Requirement
The response should contain all of the data below, reproduced exactly, and no pictures.

Available data
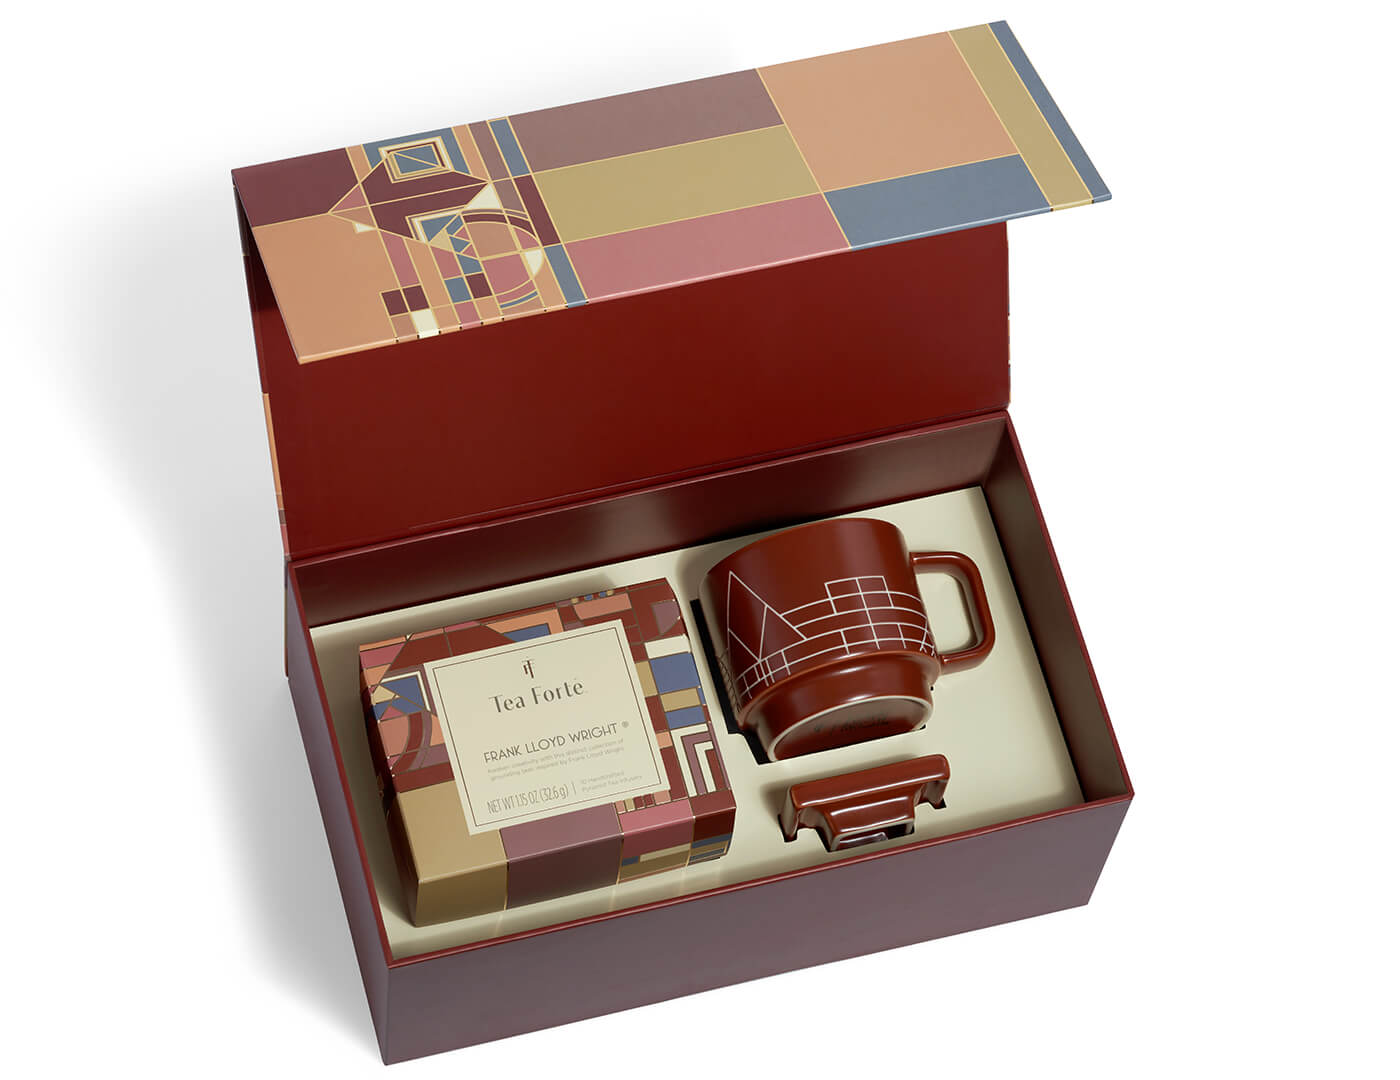 Frank Lloyd Wright Gift Set, box open
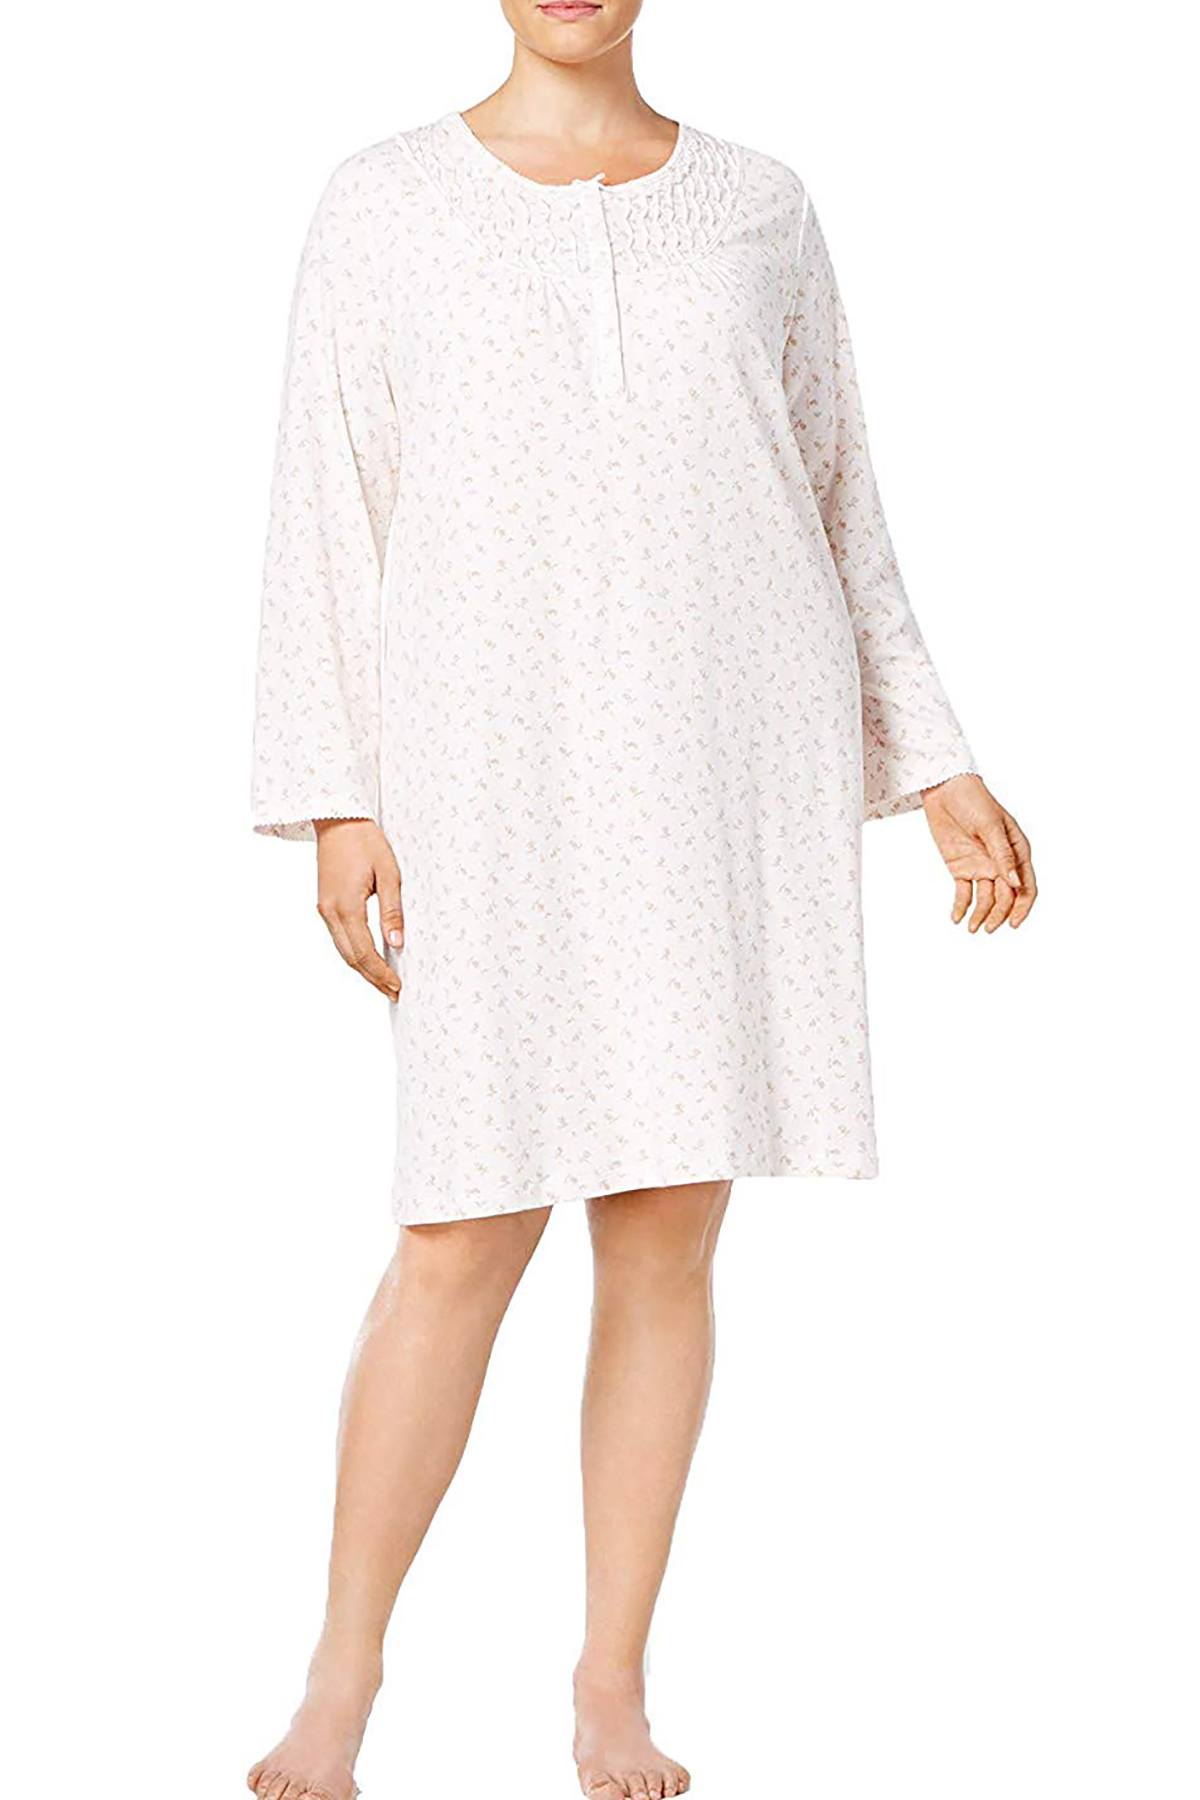 Miss Elaine PLUS Neutral-Rosebuds Printed Nightgown
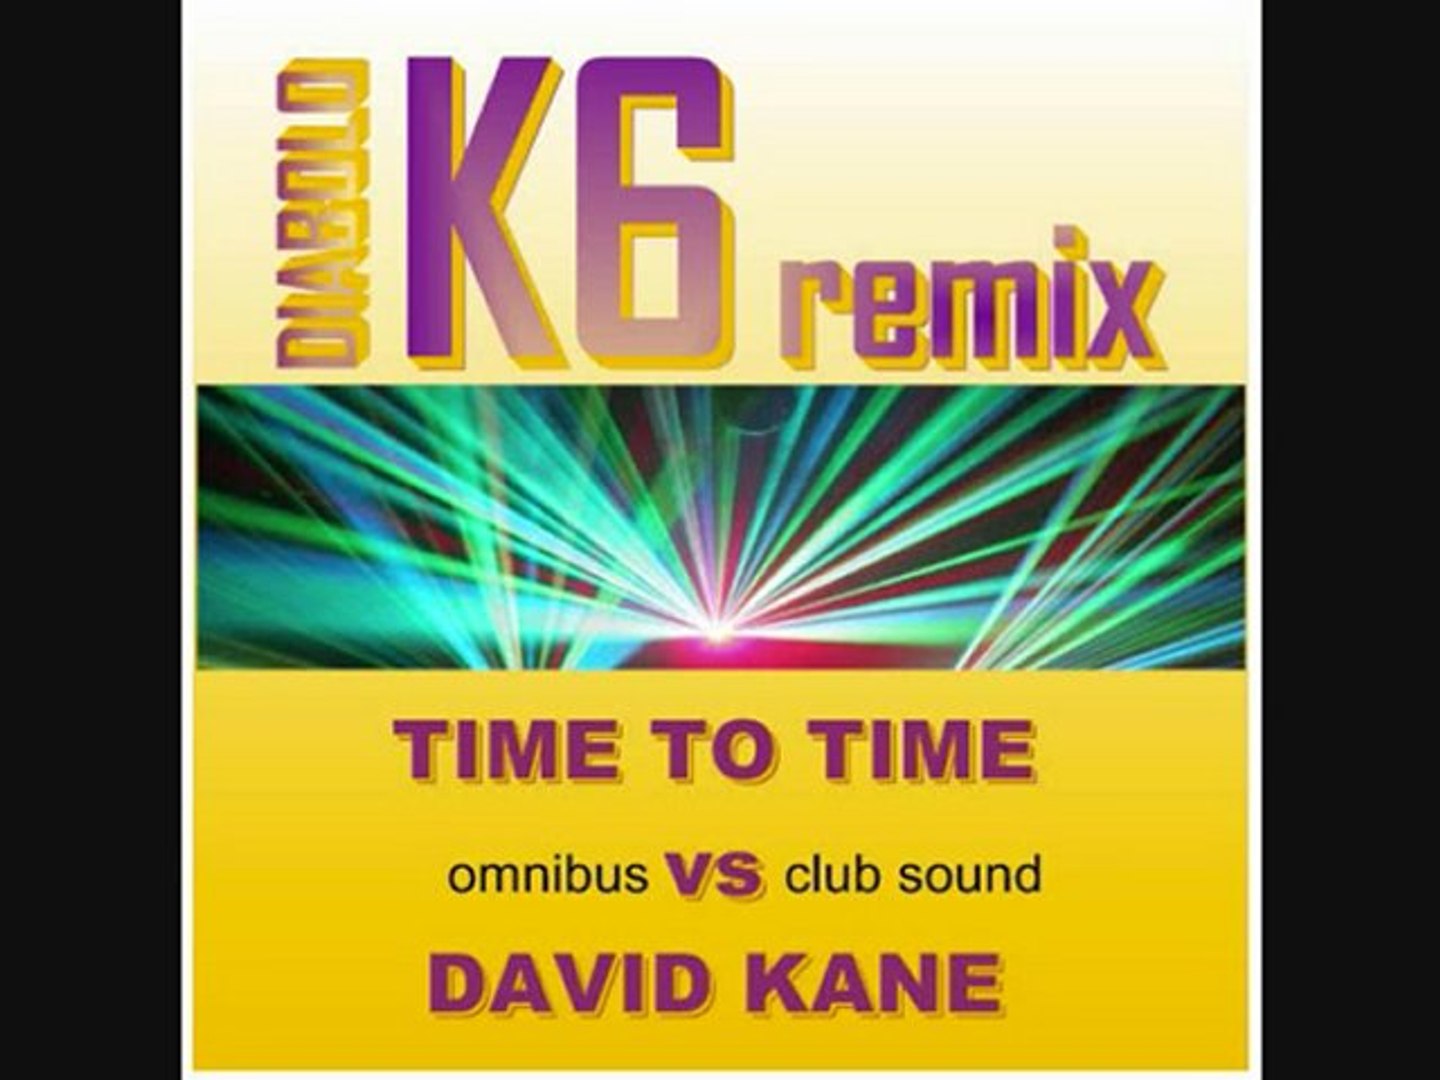 TIME TO TIME vs DAVID KANE
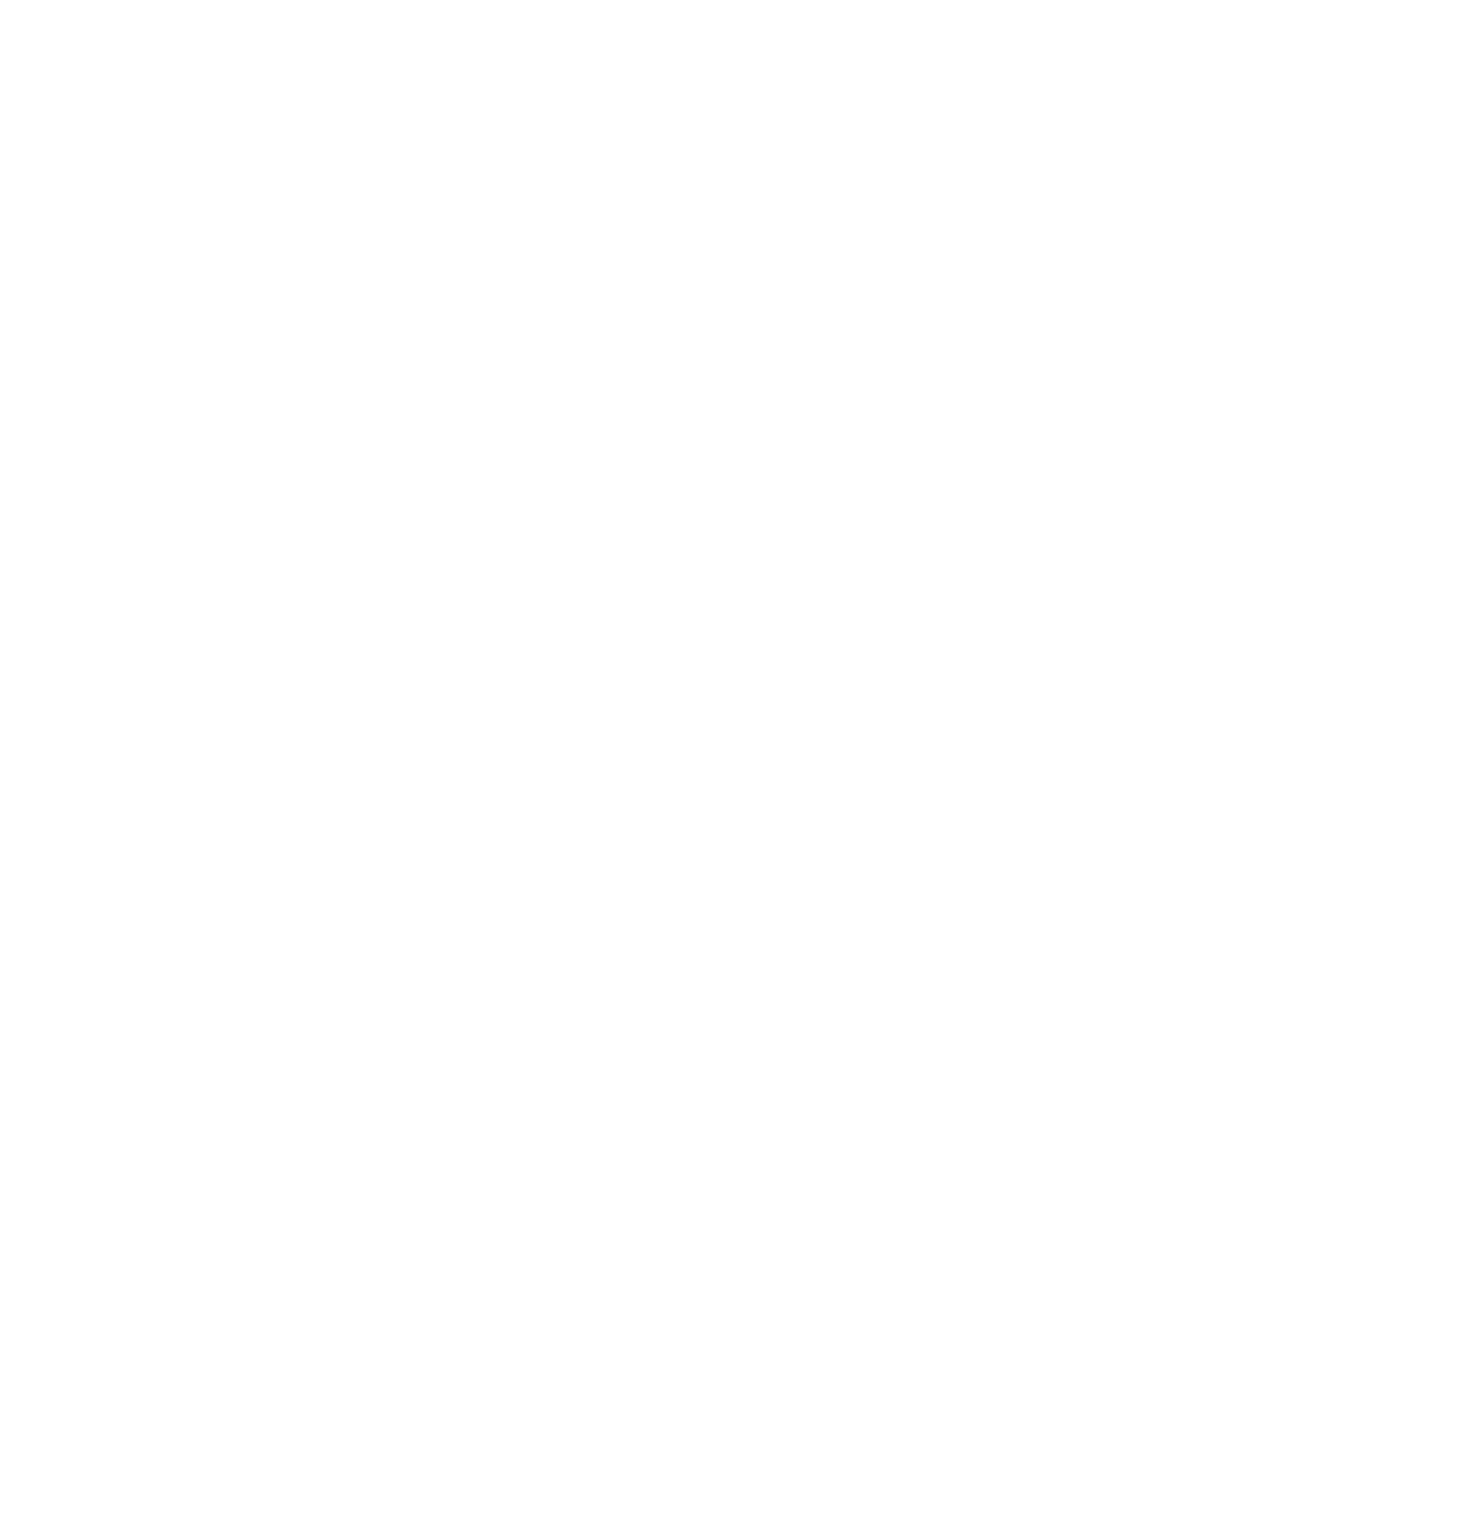 AMN Healthcare Services logo for dark backgrounds (transparent PNG)

Problem solution
 Frank Lloyd Wright Gift Set, box open
 Miss Elaine PLUS Neutral-Rosebuds Printed Nightgown
 TIME TO TIME vs DAVID KANE
 AMN Healthcare Services logo for dark backgrounds (transparent PNG)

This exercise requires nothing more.